Songs were recorded at 101–103 dph, the point at which pupils have completed their vocal development and produced a crystallized song that does not change much thereafter33,34,64,65. All songs used for this analysis were cleaned to remove introductory notes, etc. as described above. Song recordings were imported as .WAV files into Sound Analysis Pro 2011 (SAP). To calculate similarity between tutor and pupil songs, we segmented songs into syllables on the basis of an amplitude threshold8,66. Thresholds were adjusted for every song because each one was sung at a different distance from the microphone; thus, song-specific amplitude thresholds allowed for each song to be properly segmented. Similarity scores were calculated using SAP’s “Song Similarity” tool, which compares the acoustic features of one song’s syllables to another and quantifies similarity66. Similarity scores were calculated for each pupil-tutor pair using three to six song exemplars per pupil. Because we were primarily interested in the highest degree of match a pupil was capable of, rather than the pupil’s propensity to sing one song vs. the other, we used the maximum similarity score for each pupil-tutor pair in our analyses67,68,69. The average similarity scores are also presented and the results of those analyses are largely the same (see Supplementary Table S3).
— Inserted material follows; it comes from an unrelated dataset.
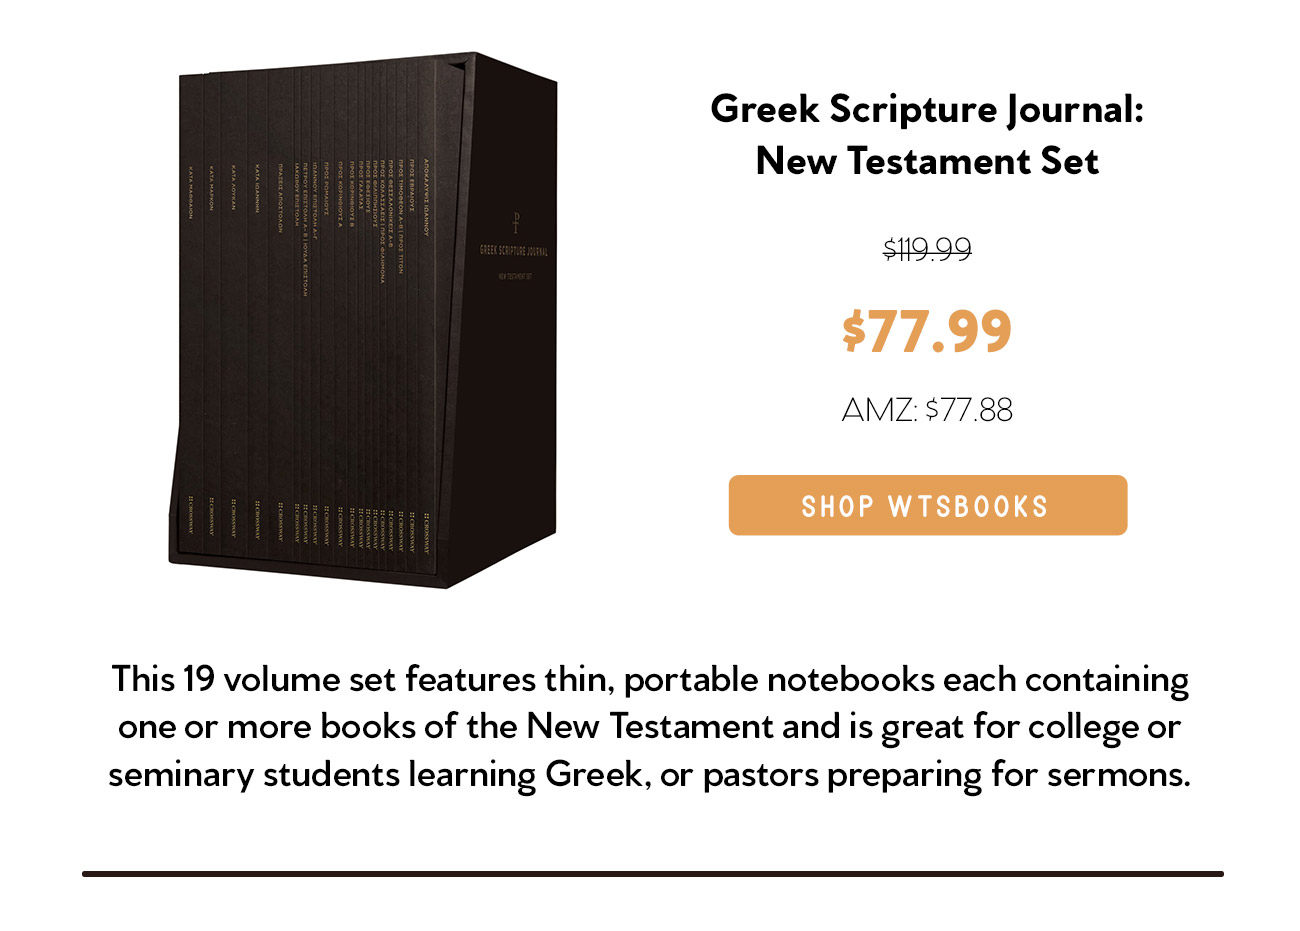 Greek Scripture Journal NT Set

To test the effect of OTA on song imitation, we compared similarity scores across condition for each exemplar using LMMs as described above (Behavioral observations) using the following model: ~ Treatment + (1|Pupil ID), where Pupil ID was included as a random effect. To test for relationships among factors such as song preferences, song learning, and the number of live tutor songs heard, we used Spearman correlation tests (SPSS v.28). Power analyses were done using G*power (v. 3.9.6).